ACTION ITEM – Nothing except the pictures should be left out when you reproduce the listing exactly.

RECORDED DATA –
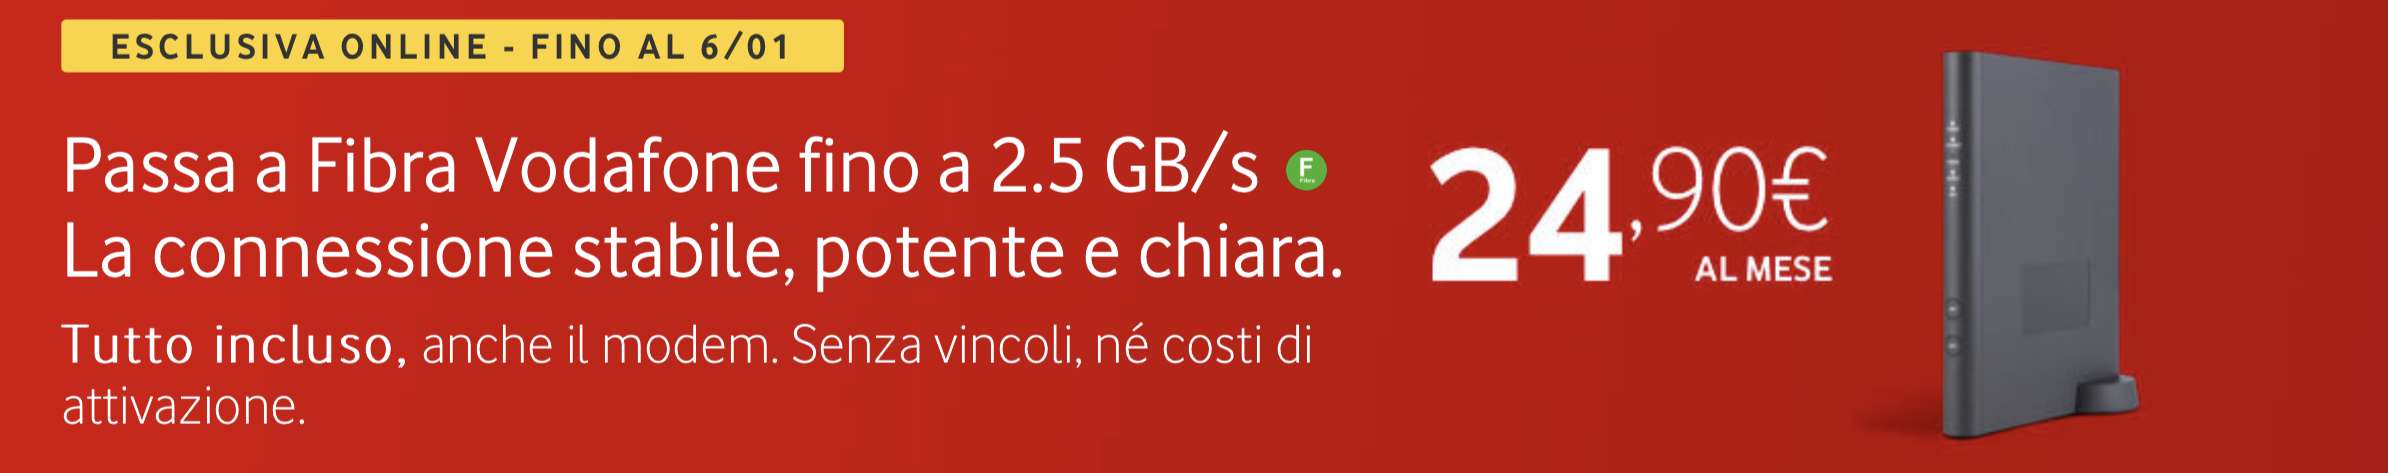 Vodafone Internet Unlimited
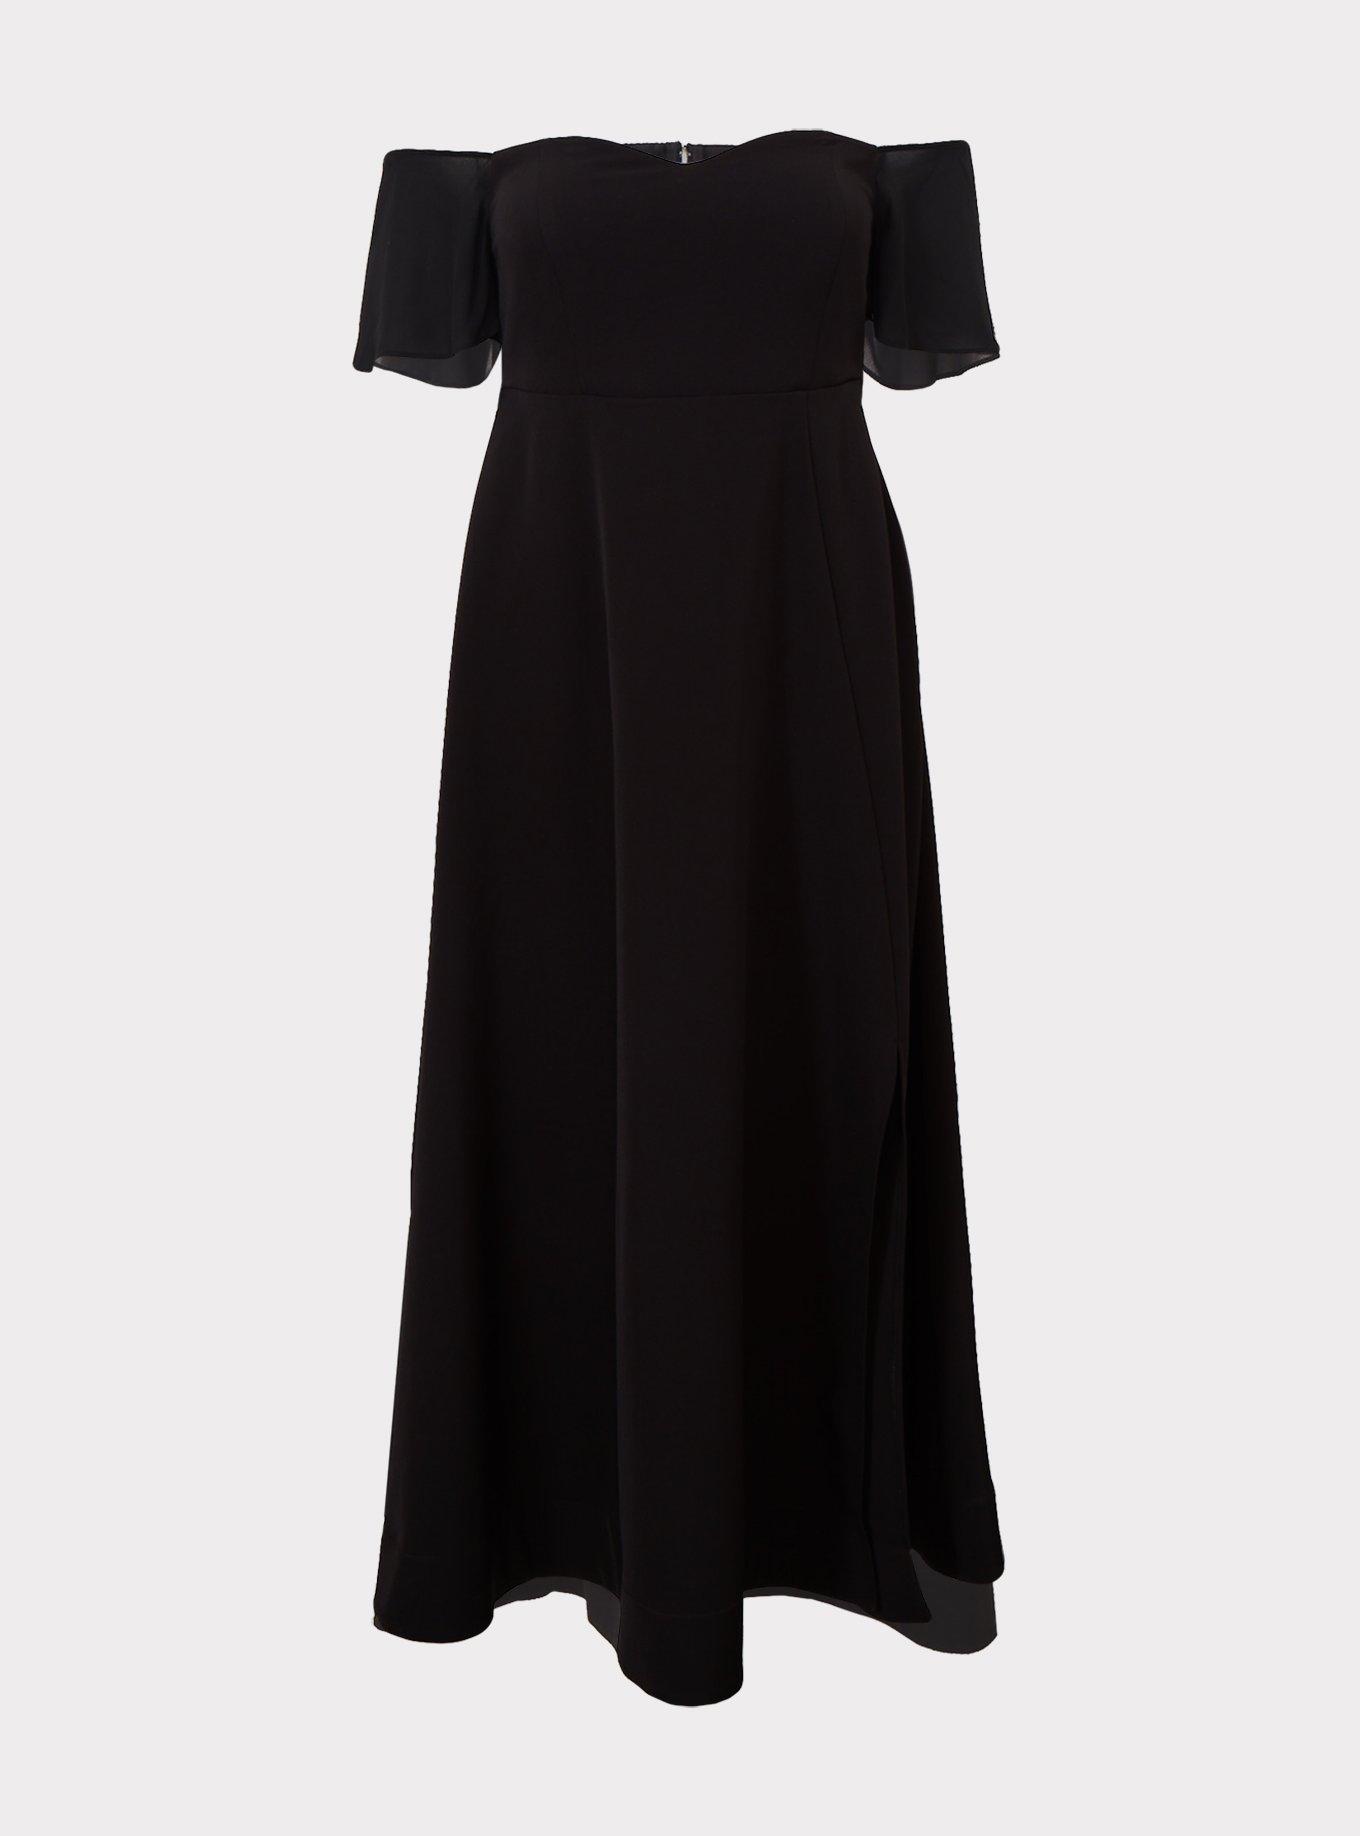 Plus Size - Special Occasion Black Satin Off Shoulder Gown - Torrid
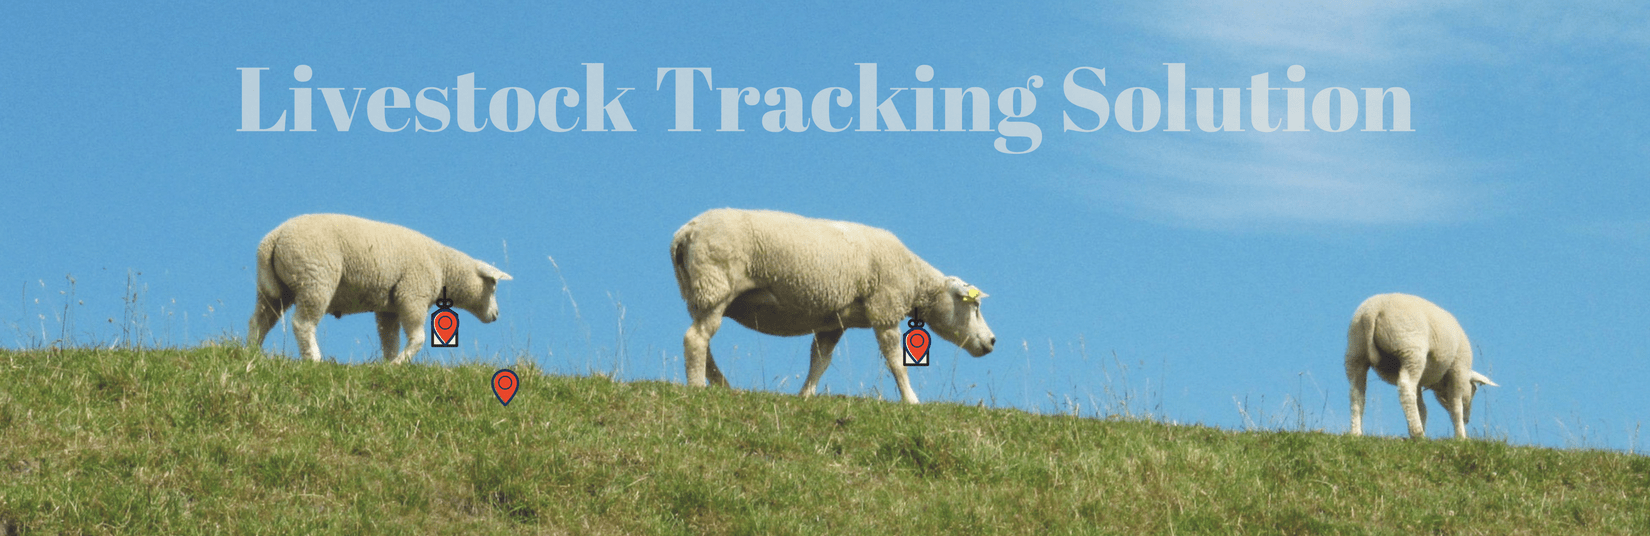 Livestock Tracking Solution
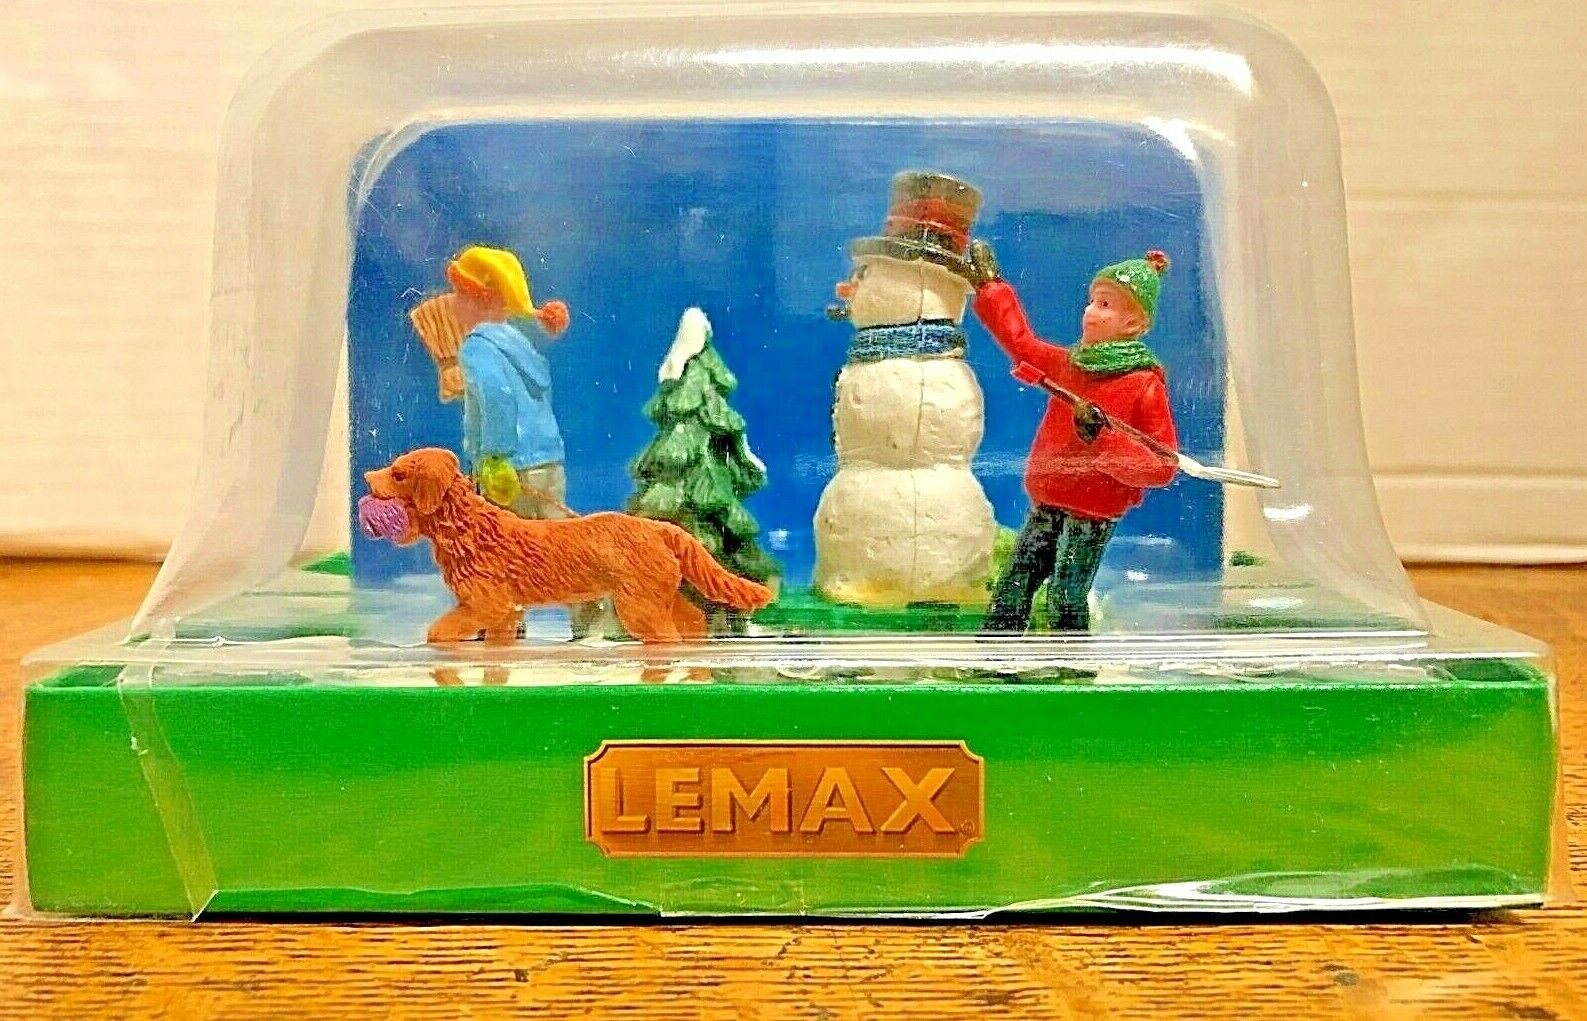  LEMAX - Snowman Transport - #33033 - Table Accent - 2013

WRITTEN RESPONSE –
 Vodafone Internet Unlimited
 Plus Size - Special Occasion Black Satin Off Shoulder Gown - Torrid
 Livestock Tracking Solution
  LEMAX - Snowman Transport - #33033 - Table Accent - 2013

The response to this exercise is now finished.